Route information
- Maintained by MDOT
- Length: 10.665 mi (17.164 km)
- Existed: c. 1931–present

Major junctions
- South end: SR 108 in Morenci
- North end: M-34 in Clayton

Location
- Country: United States
- State: Michigan
- Counties: Lenawee

Highway system
- Michigan State Trunkline Highway System; Interstate; US; State; Byways;
| ← M-155 |  | → M-157 |

= M-156 (Michigan highway) =

State highway in Lenawee County, Michigan, United States

M-156 is a state trunkline highway in the US state of Michigan. The highway is entirely within Lenawee County and begins in Morenci at the Ohio state line with State Route 108 (SR 108) and runs north to M-34 at Clayton. The highway runs through farm land along Lime Creek outside of the two communities, providing access to the Lake Hudson State Recreation Area. The trunkline dates back to the early 1930s, and has been unchanged since a realignment in 1980.

==Route description==

SR 108 crosses into Michigan on the southern edge of Morenci where it becomes M-156. From there the road continues northward on East Street through residential neighborhoods for about 2/3 mi to Main Street near downtown where it turns west.

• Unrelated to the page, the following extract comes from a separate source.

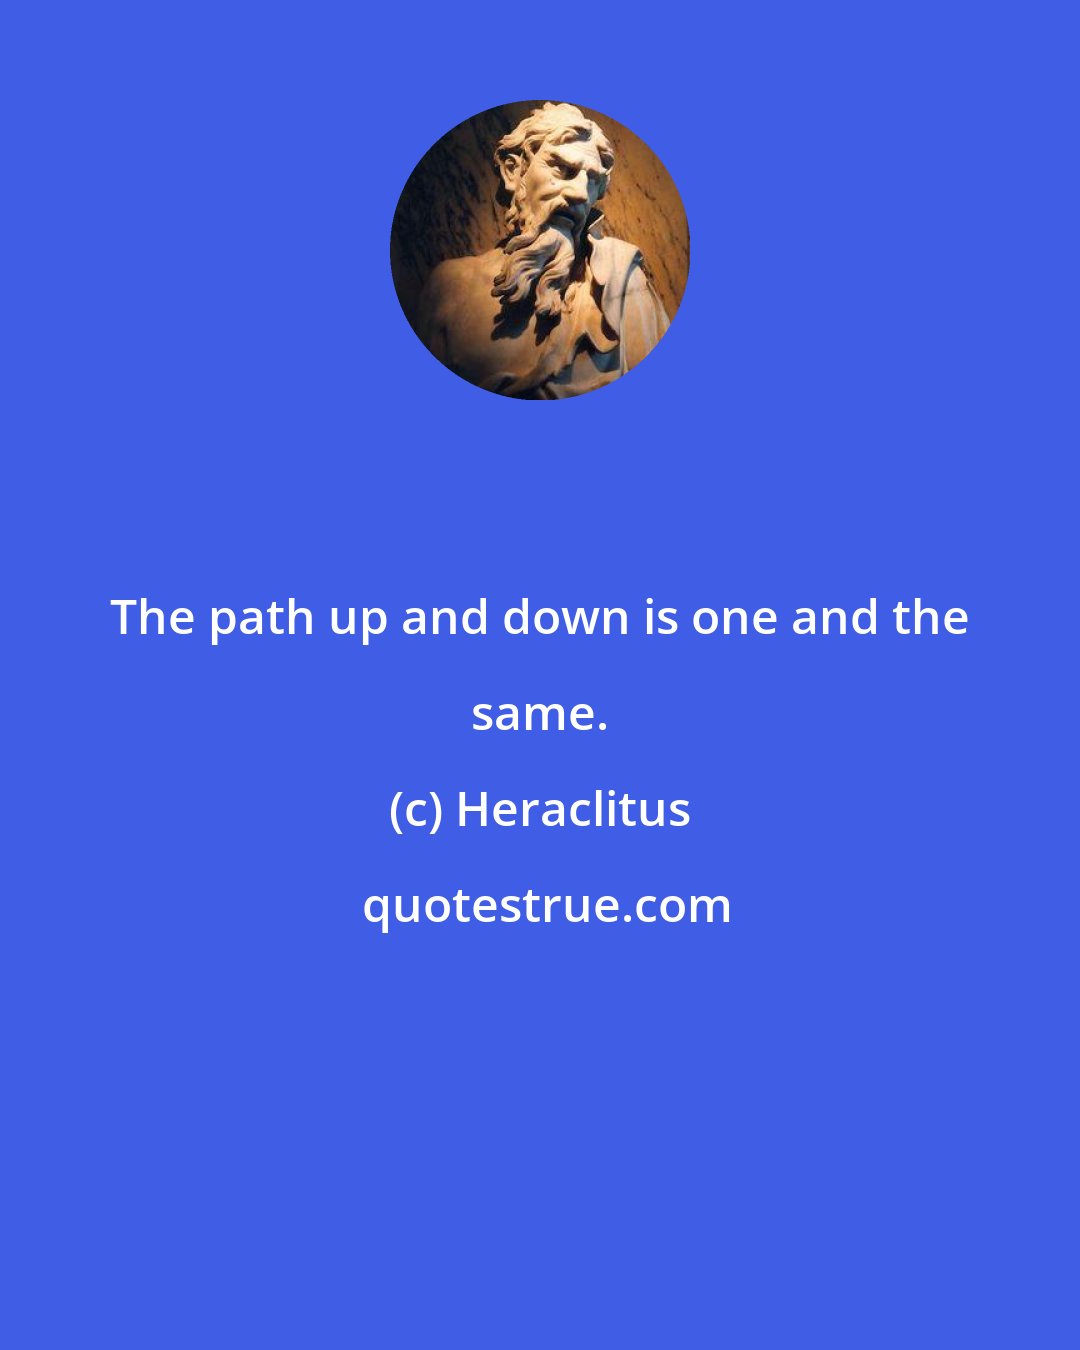 Heraclitus: The path up and down is one and the same.

The trunkline follows Main Street for three few blocks before turning north on North Street. The highway exits town near the Oak Grove Cemetery. M-156 follows Lime Creek Highway, which runs parallel to the stream of the same name, through farm land. Near the intersection with Morenci Highway, M-156 crosses a line of the Norfolk Southern Railway in the community of Seneca. North of the rail crossing, M-156 follows Morenci Highway northward and passes to the east of Lake Hudson and the Lake Hudson State Recreation Area before terminating at a junction with M-34 in Clayton.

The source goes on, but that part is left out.